Overview

TRG : TR European Growth discount narrows as fund outperforms

TR European Growth’s results for the year ended 30 June 2014 show the fund delivering a 34.3% total return on net assets for the year – well ahead of the 26.8% return on the fund’s benchmark (The Euromoney Smaller Companies Index excluding the UK). TR European Growth’s discount narrowed from 16.9% to 12% over the period and this helped propel the return to shareholders up to 42.4%. The statement says these figures were also well ahead of the returns generated by TR European Growth’s immediate competitors.

The final dividend was hiked by 8.3% to 6.5p and they are proposing a special dividend of 2.7p.

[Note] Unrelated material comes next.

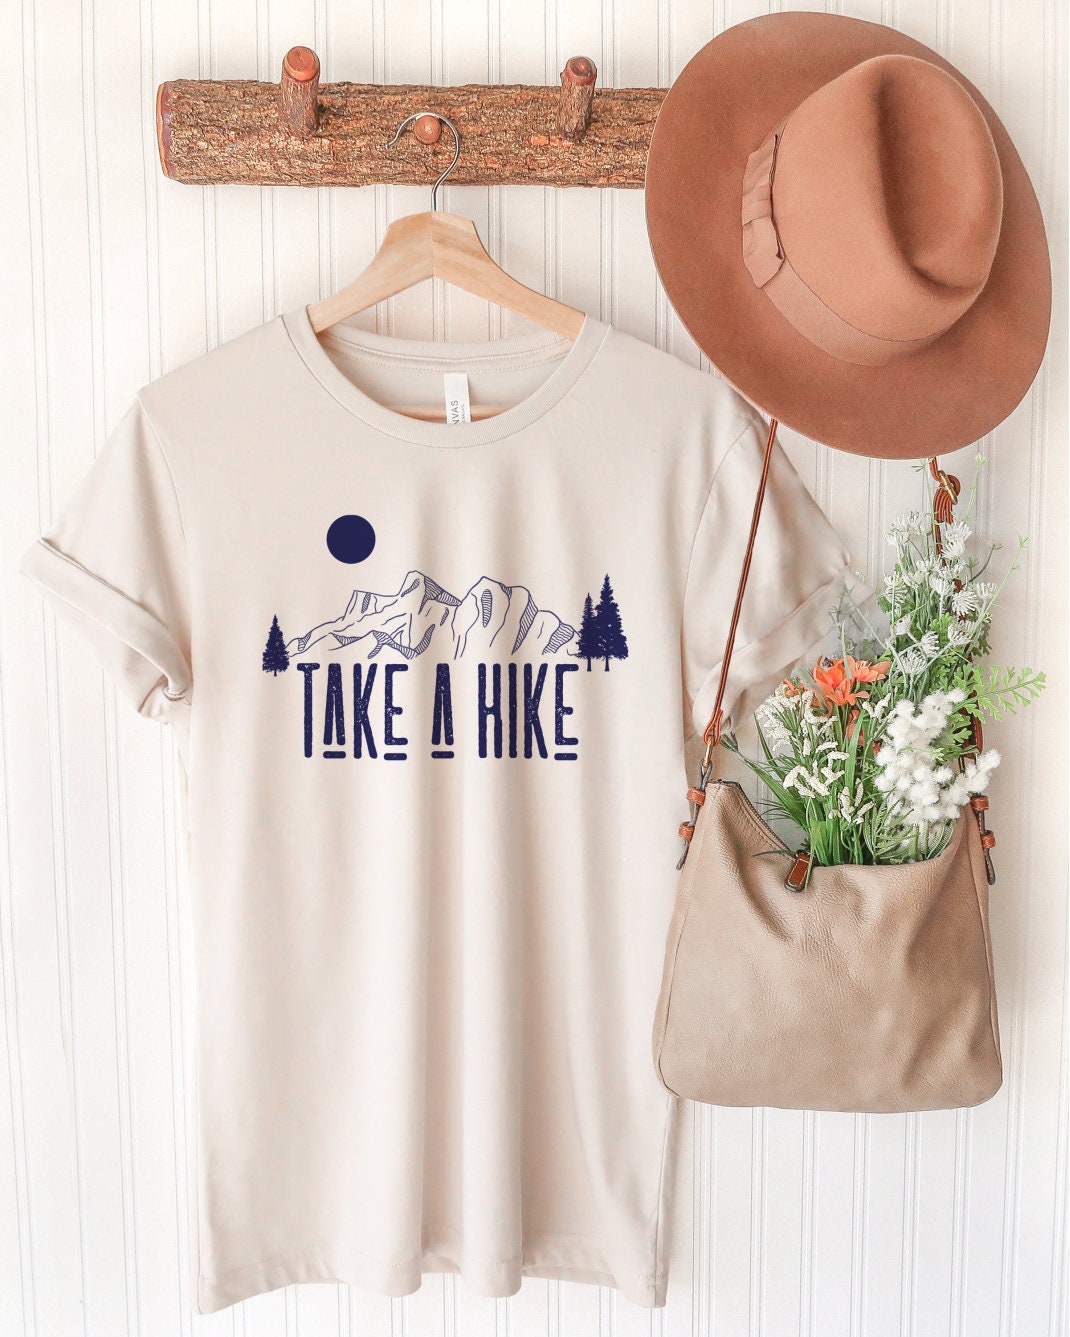 Adventure Shirt, Mountain Shirt, Camping Shirt, Adventure Lover Shirt, Wanderlust Shirt, Outdoor Lover Shirt, Explorer Shirt, Traveler Shirt

The manager says their deliberate tilt towards out-of-favour, domestic exposed European stocks helped performance as did focusing on stocks that have the ability to help themselves by delivering operational improvements. The report highlights Spanish bank Bankinter and real estate company Inmobiliaria Colonial and machinery manufacturer IMA and asset manager Azimut in Italy. The portfolio also benefited from a high weighting in technology: Swiss electrical component manufacturer Comet; German high-tech equipment manufacturer Manz; and German construction software company, RIB Soft, all did well.

The biggest contributor to performance though was a company that they developed significant concerns about and sold on worries about accounting issues, Spanish wi-fi and telecommunication services provider Let’s Gowex. They sold out of the position and it subsequently turned out that there was a fraud in the company.